The Michigan Court of Appeals affirmed the lower court decision. The court held that the intrastate fee implicated the dormant Commerce Clause but that it was constitutional because it applied even-handedly. It also held that the intrastate fee did not violate Section 14501 on similar grounds as the trial court. With respect to the interstate fee, the court read the $10 limitation within Section 14504 differently, concluding that it applied to all states including the registering one. Nonetheless, the court upheld the fee because it “could reasonably be classified as . . . regulatory” rather than for registration. The Michigan Supreme Court then denied an appeal of the case, and the U.S. Supreme Court granted certiorari on the Commerce Clause and Section 14504 issues.

In its brief on the merits, petitioner ATA focuses only on whether the intrastate fee violates the Commerce Clause. The company asserts that the Michigan tax is not fairly apportioned and nondiscriminatory, because “flat taxes bear much more heavily in the aggregate on a firm that does business in many places than on an otherwise identical company that operates in only one state.” In making its argument, ATA relies heavily on American Trucking Associations, Inc. v. Scheiner, a 1987 case in which the Court invalidated a state flat tax placed on trucks traveling interstate. ATA also contends that the lower court’s distinction between regulatory fees and general taxes is improper and irrelevant to Commerce Clause analysis.

Mid-Con Freight Systems also wrote a petitioner’s brief on the merits, and its brief focuses on whether Section 14504 preempts the interstate fee. The company asserts that the Michigan Court of Appeals decision “reads a non-existent ‘regulatory fee’ exception into the SSRS.” It argues that “Congress’s preemptive rule would soon be subsumed by costly and diverse exceptions if States were permitted to circumvent the SSRS by merely labeling flat per-vehicle registration fees as ‘regulatory’ in purpose.”

In response, the Michigan Attorney General and Solicitor General rebut ATA’s Commerce Clause challenge by asserting that Scheiner holds that “a flat state tax or fee will not be held to be discriminatory when [, as in this case,] it is the only practicable means of collecting revenues from users and the use of a more finely gradated userfee schedule would pose genuine administrative burdens.” Moreover, they argue that ATA is relying on a “calculus of hypothetical facts” and that its reading of the statute would jeopardize “broad categories of flat, unapportioned state fees.” In response to Mid-Con’s argument, they assert that the “Michigan interstate fee has nothing to do with the registering of the motor carrier’s federal authority with the State,” and thus the “Michigan Court of Appeals correctly interpreted Section 14504.”

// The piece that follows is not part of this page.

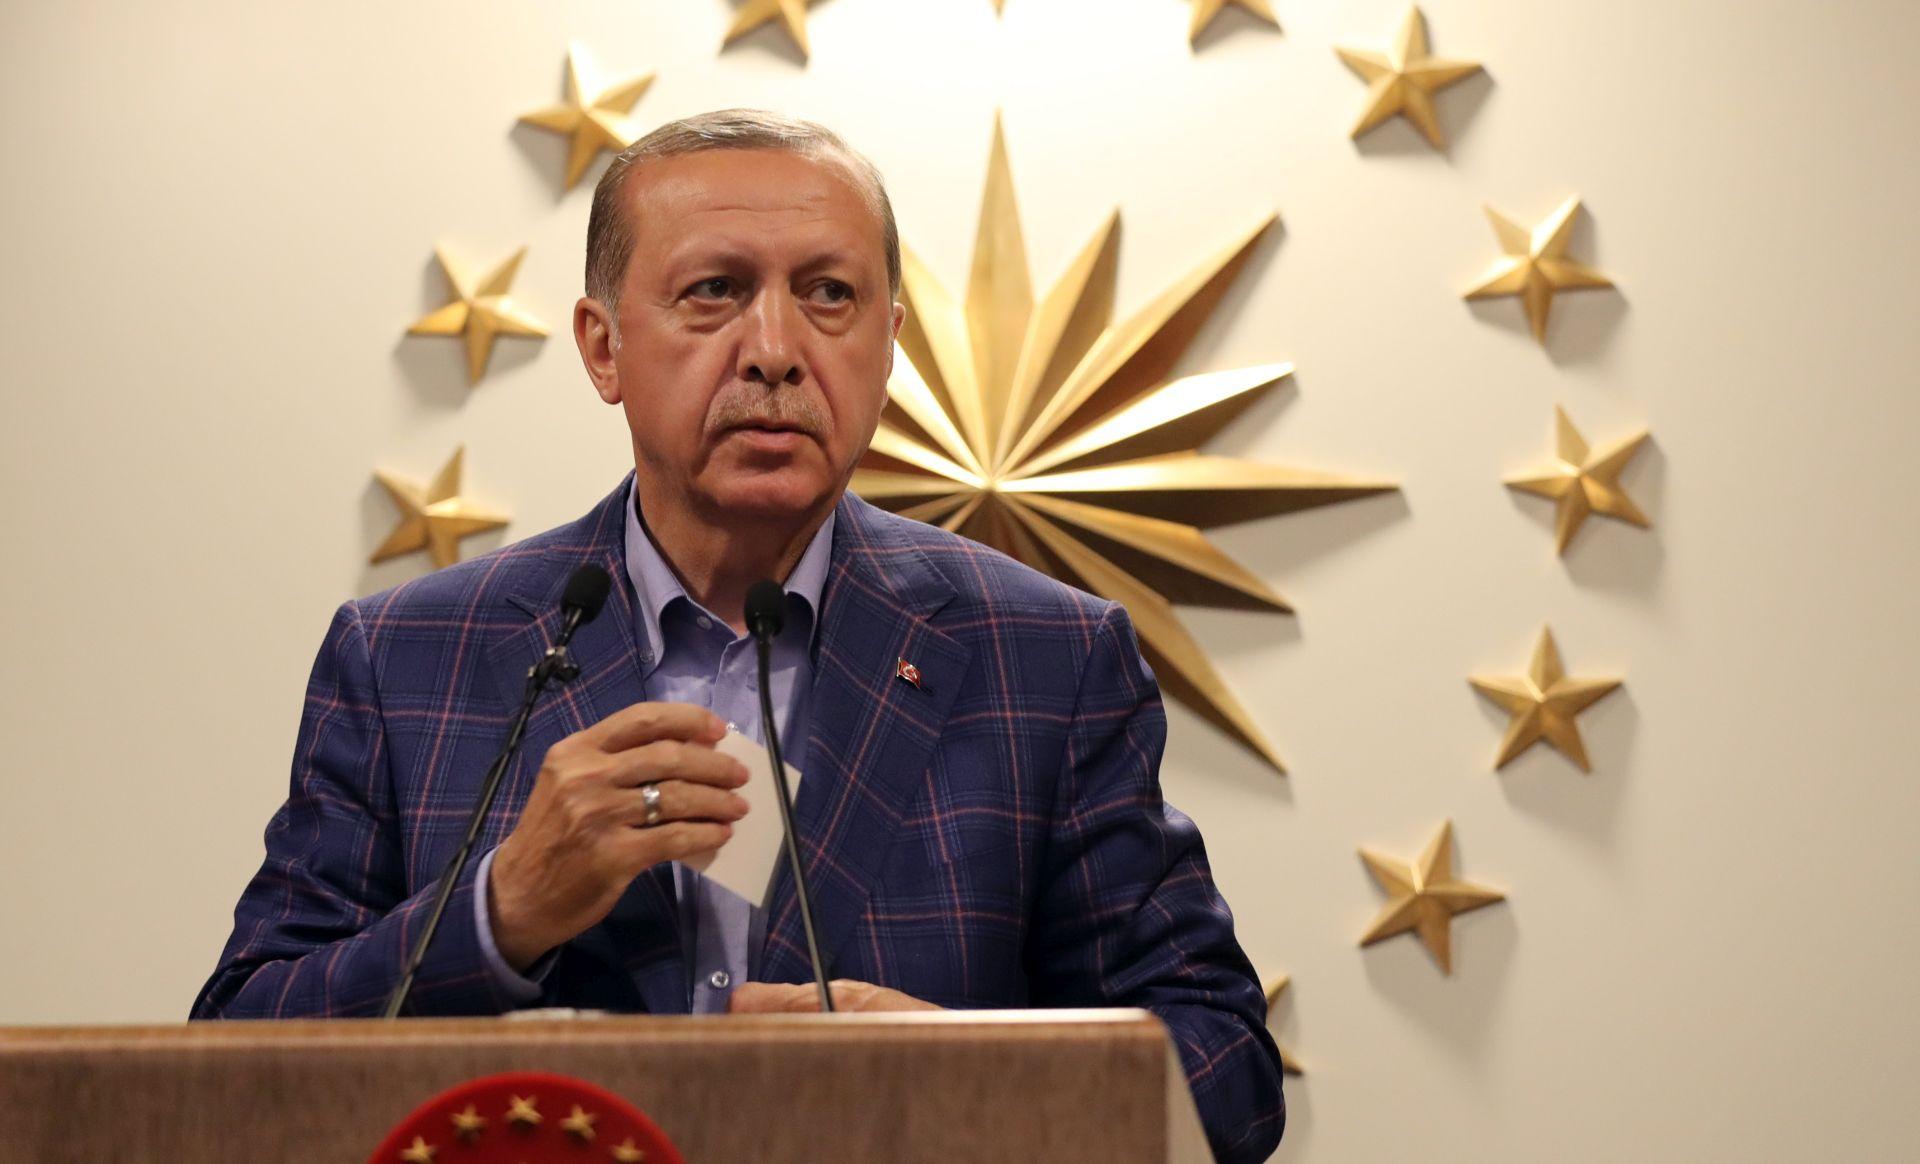 Putin čestitao Erdoganu na pobjedi na referendumu

At the Court’s invitation, the United States previously submitted a brief at the cert. stage. It also has submitted merits amicus briefs for both cases. In its brief on the merits for the Mid-Con case, the U.S. comes out in favor of petitioner, arguing that Section 14504 preempts the Michigan interstate fee requirement. In its brief on the merits for the ATA case, the U.S. comes out in favor of respondent, contending that the intrastate fee does not violate the Commerce Clause. In this brief, the U.S. argues that the “Court has long recognized the authority of States and municipalities to require payment of flat fees by commercial motor carriers that make point-to-point deliveries within the local jurisdiction.”

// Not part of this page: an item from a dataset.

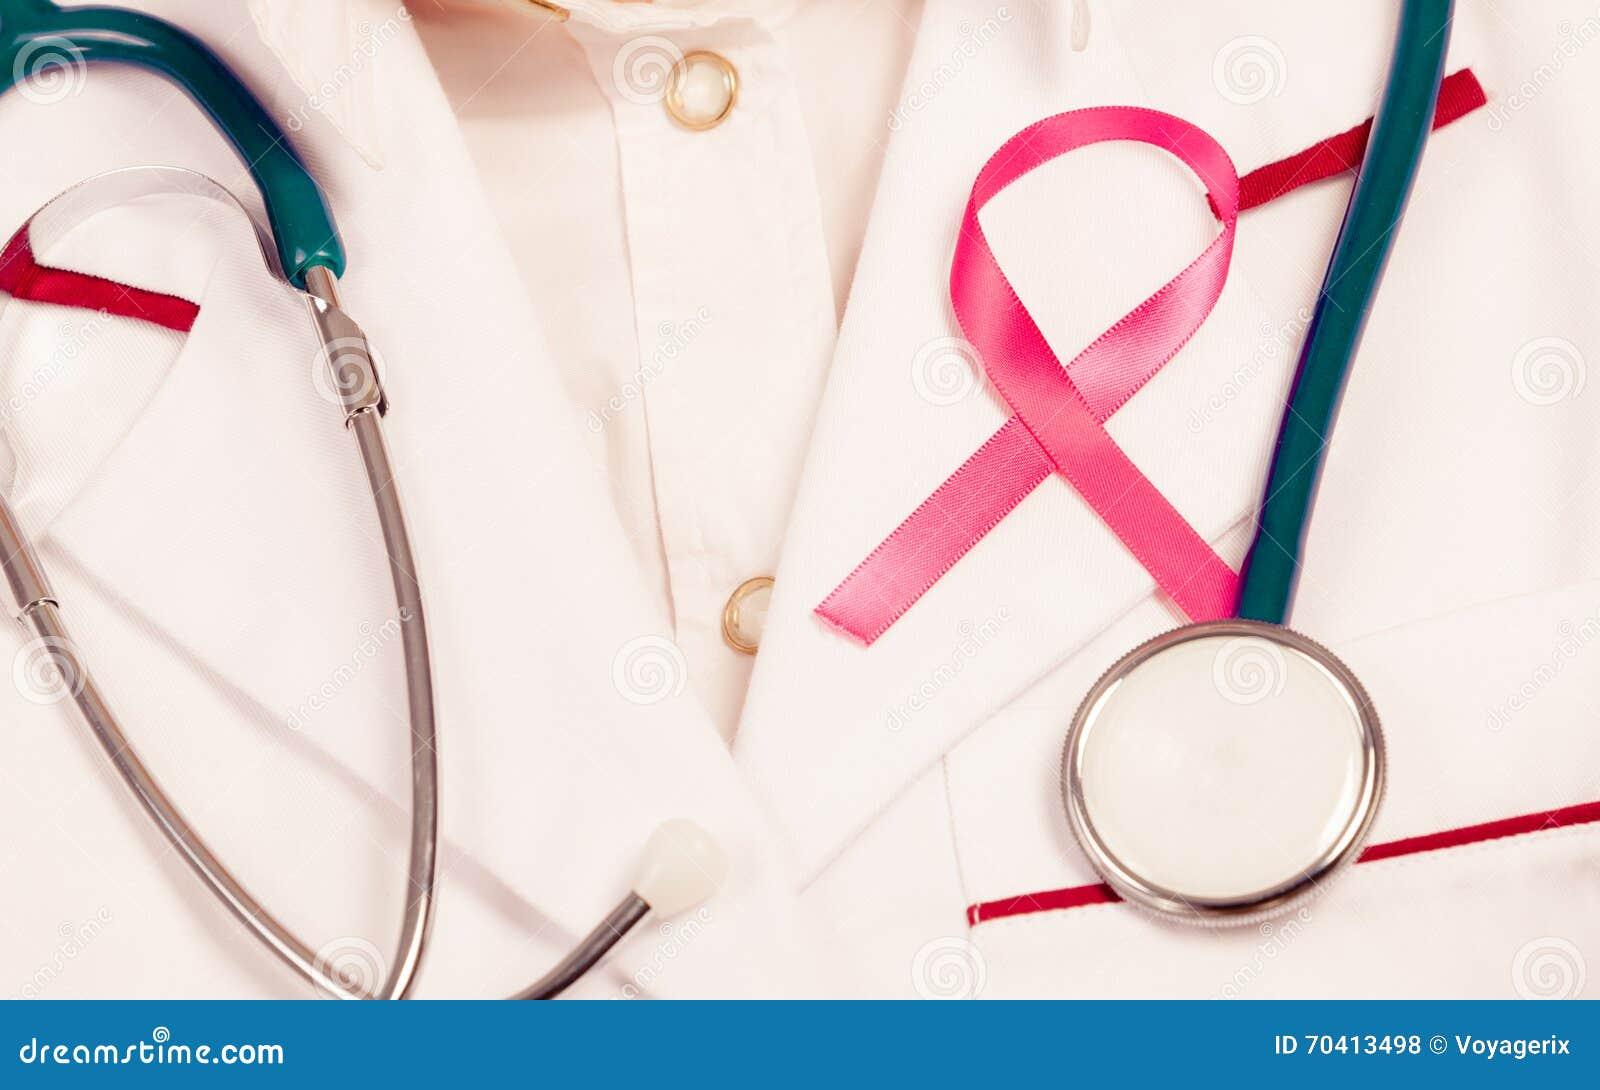 breast cancer medical braclet

Additionally, other third parties have written amicus briefs. Various trucking companies and the Chamber of Commerce of the United States have filed amicus briefs in favor of petitioners. The National Conference of State Legislatures and a number of states have filed amicus briefs in favor of respondents.

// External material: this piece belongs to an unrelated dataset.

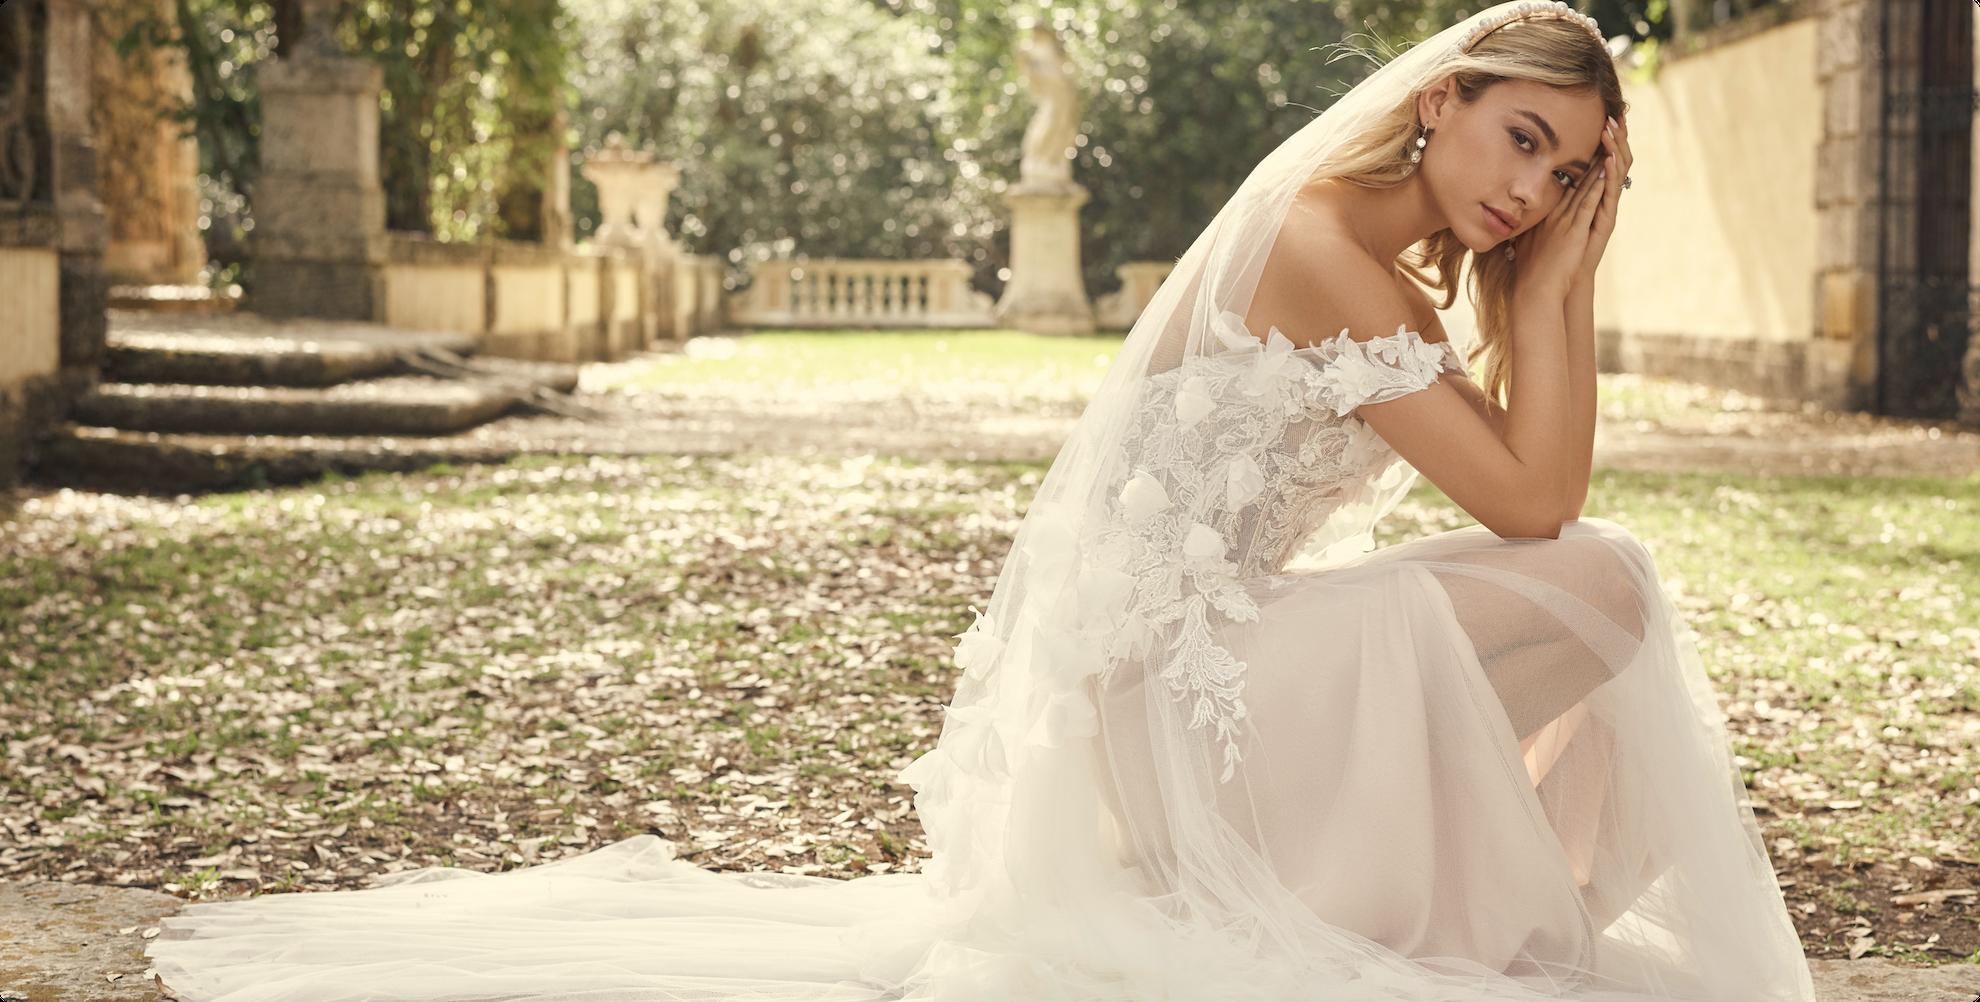 Mirra Wedding dress by Maggie Sottero

The parties’ briefs are available here. The amicus briefs are only available on paid services.

Robert Digges, Jr., will argue on behalf of petitioner ATA, and James H. Hanson will argue on behalf of petitioner Mid-Con. Michigan Assistant Solicitor General Henry J. Boynton will argue for the state, and Assistant to the Solicitor General Malcolm L. Stewart will argue on behalf of the United States.